■ TASK PROMPT ■
From top to bottom, print the listing word for word and skip any pictures it contains.

■ SUPPLIED DATA ■
* * *

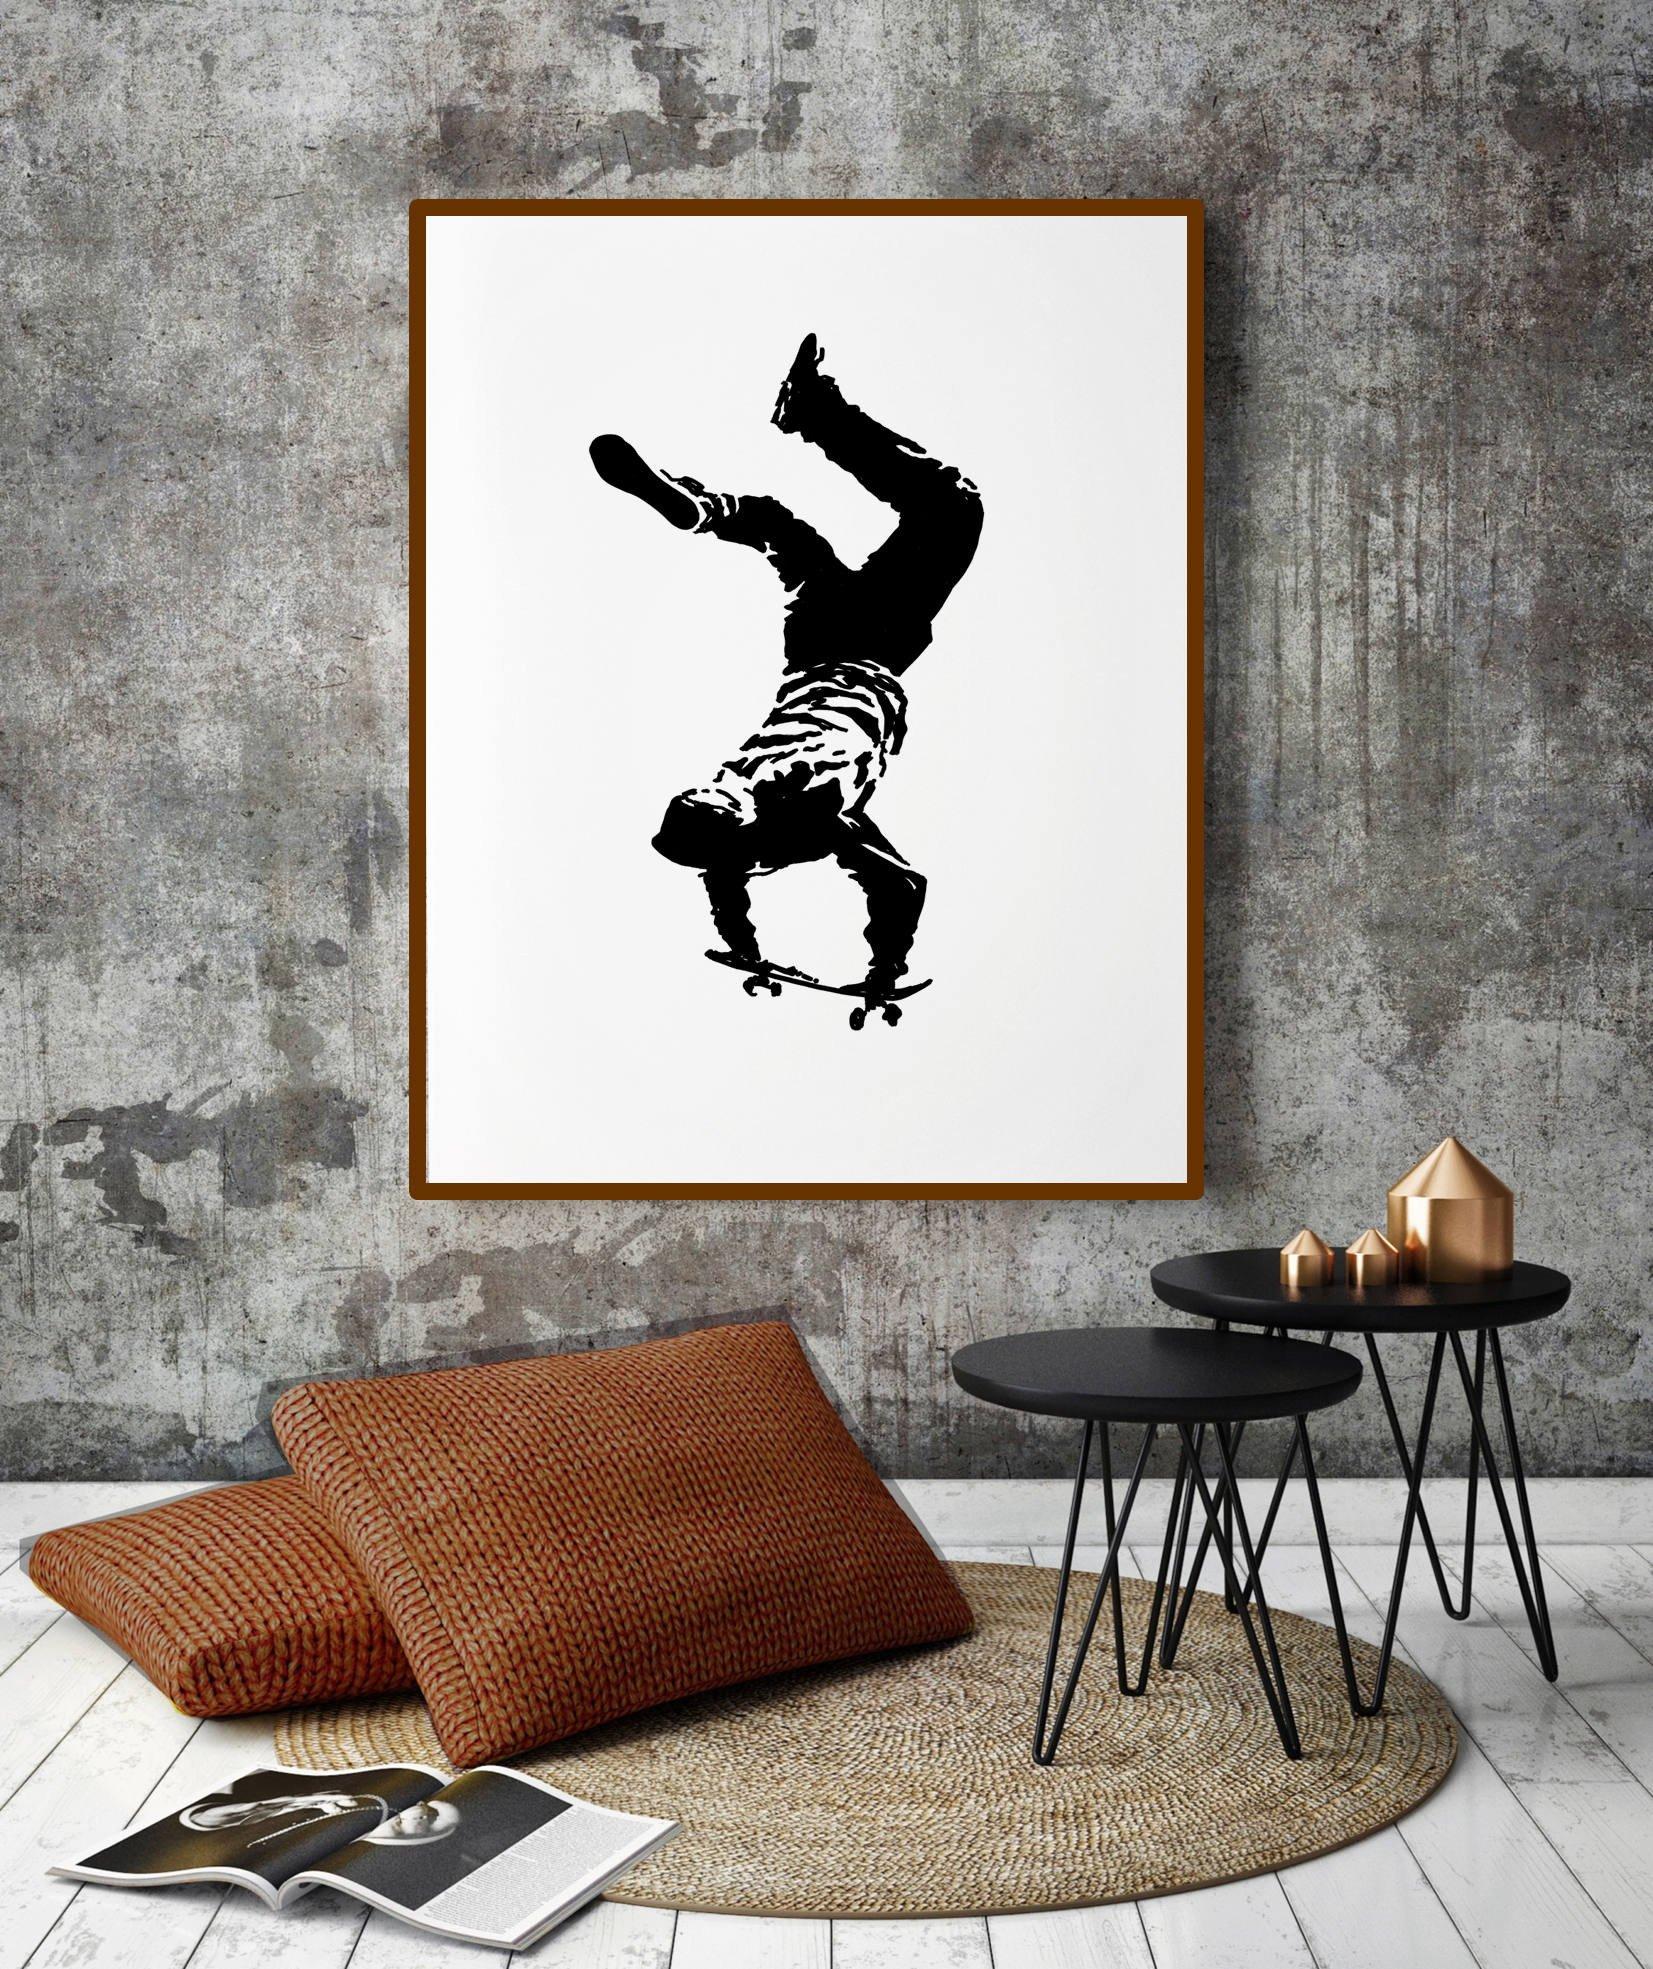 Teen Bedroom Wall Decor Elegant Teen Boy Wall Art Skateboard Art Teen Boy Gift Boy Room Art Boyfriend Gift Teen Room Decor Dorm Wall Art Teen Art Boy Bedroom Decor
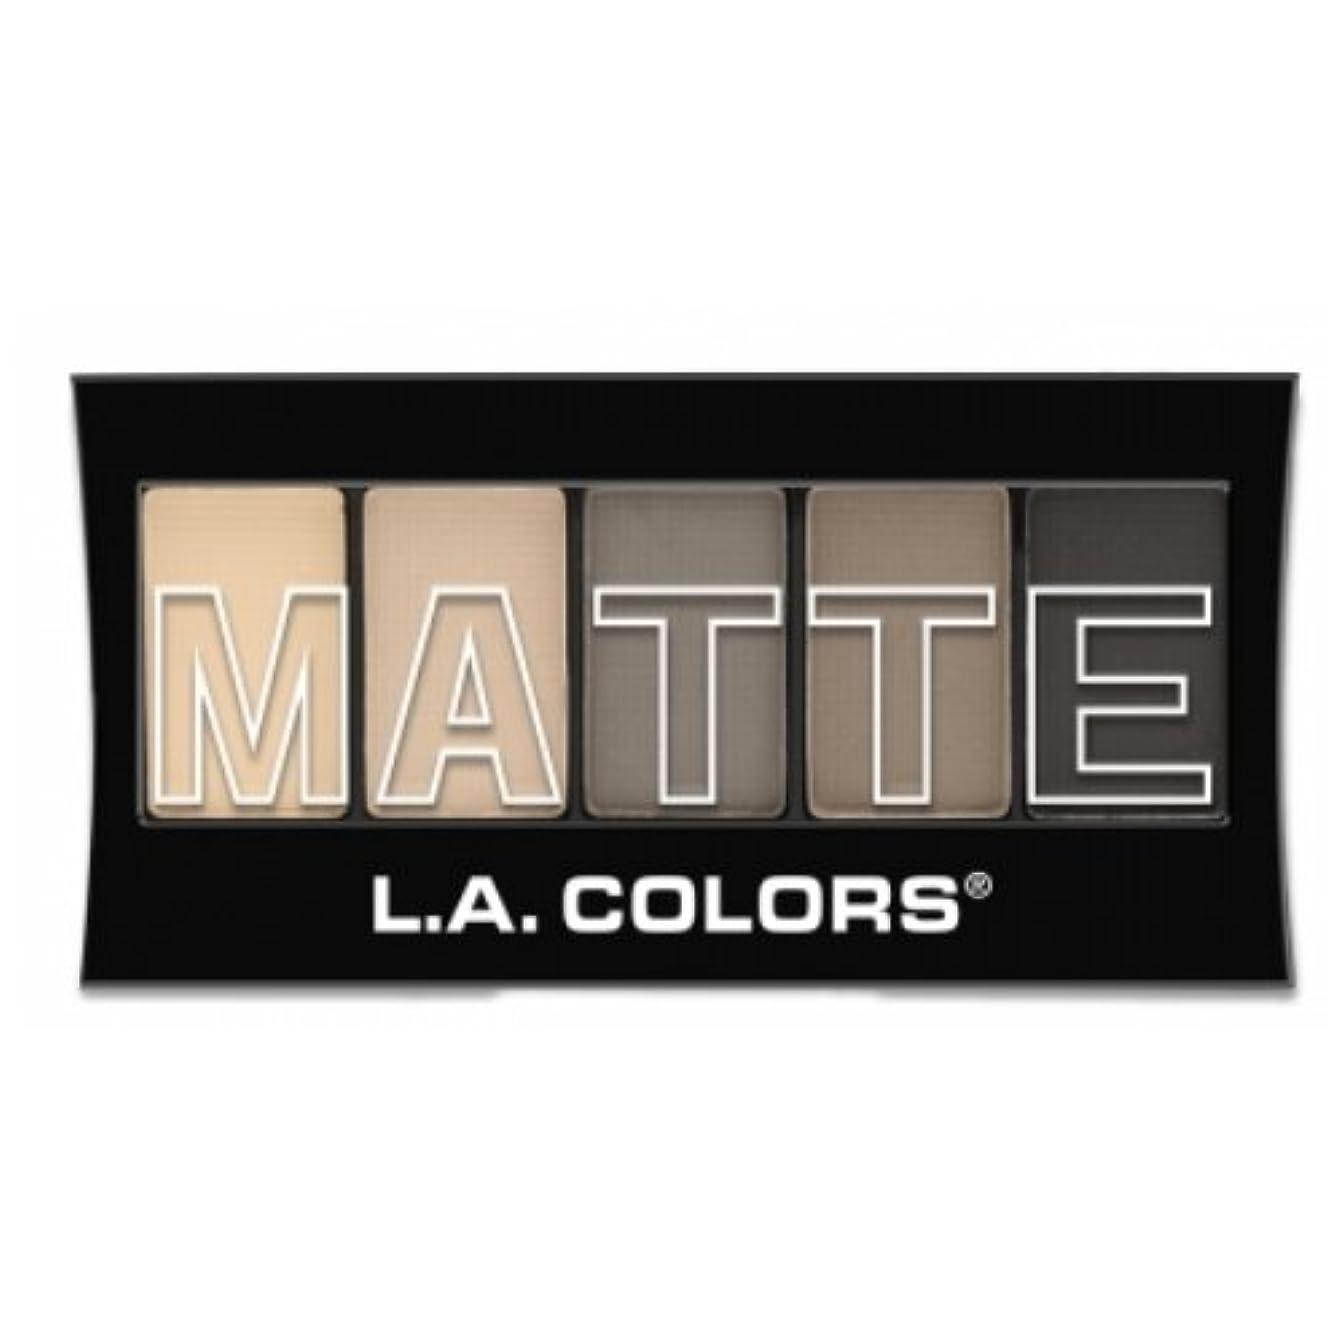 関連付ける教師の日教育する(3 Pack) L.A. Colors Matte Eyeshadow - Nude Suede (並行輸入品)
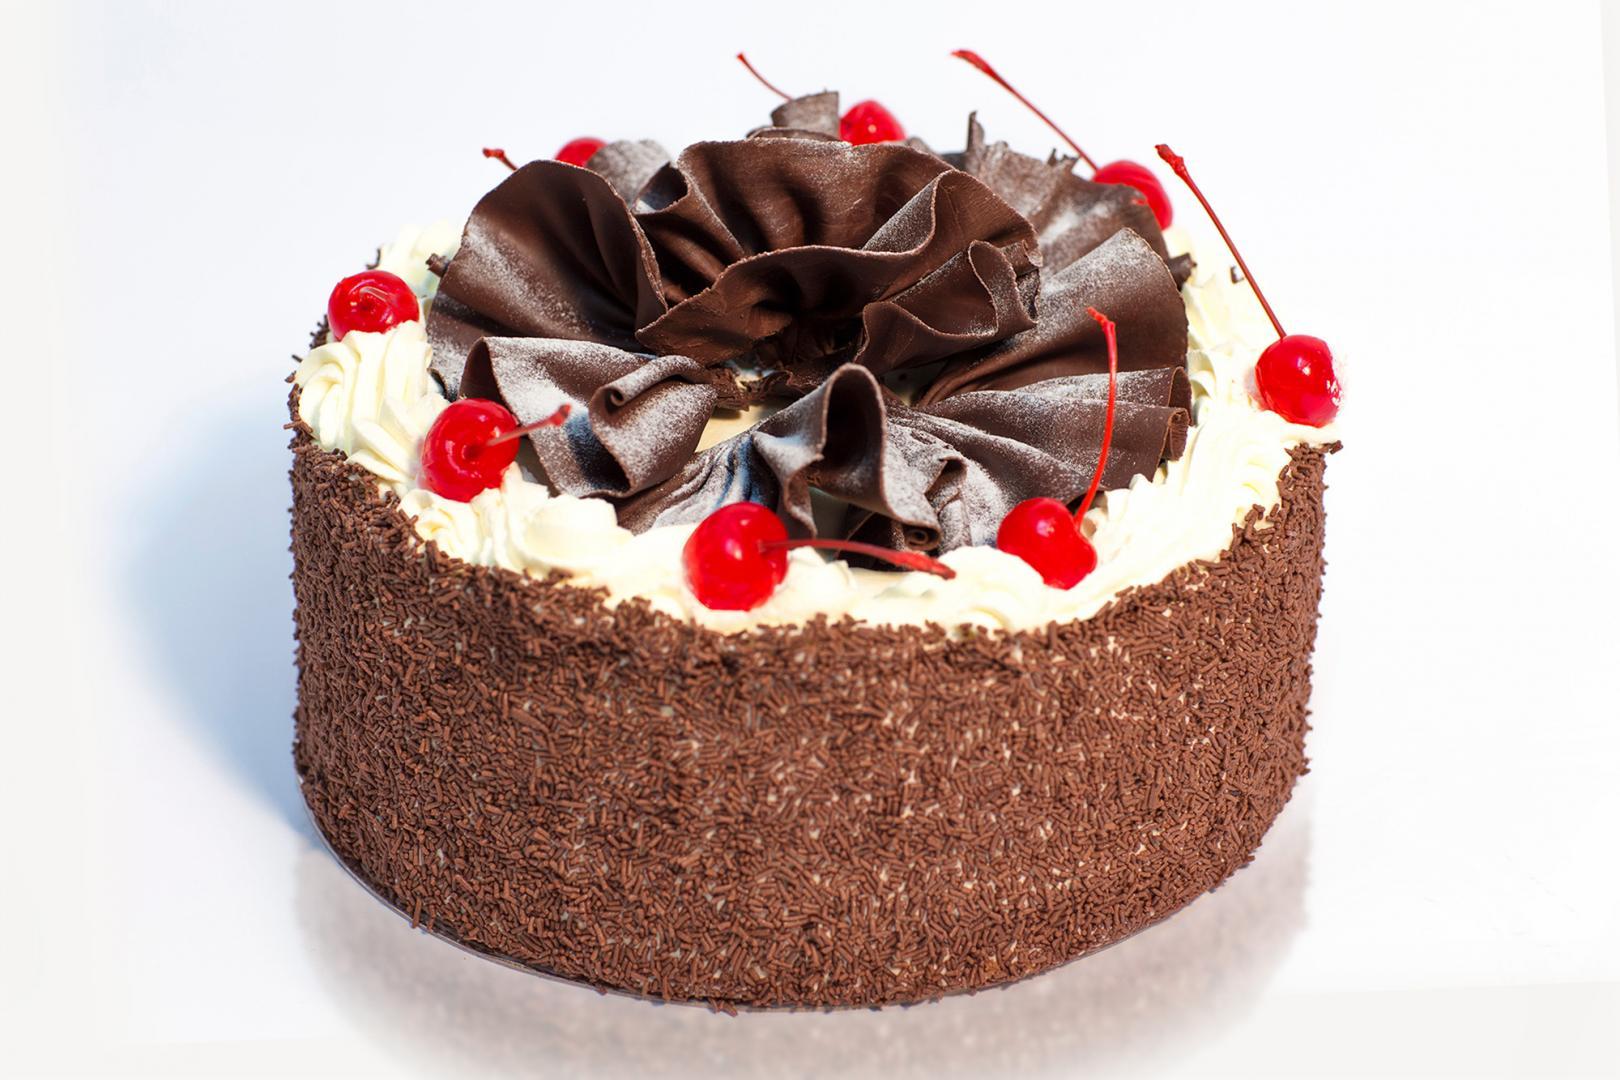 بهترین پودر کاکائو برای کیک

* * *

■ SOLUTION BELOW ■
 Teen Bedroom Wall Decor Elegant Teen Boy Wall Art Skateboard Art Teen Boy Gift Boy Room Art Boyfriend Gift Teen Room Decor Dorm Wall Art Teen Art Boy Bedroom Decor
 関連付ける教師の日教育する(3 Pack) L.A. Colors Matte Eyeshadow - Nude Suede (並行輸入品)
 بهترین پودر کاکائو برای کیک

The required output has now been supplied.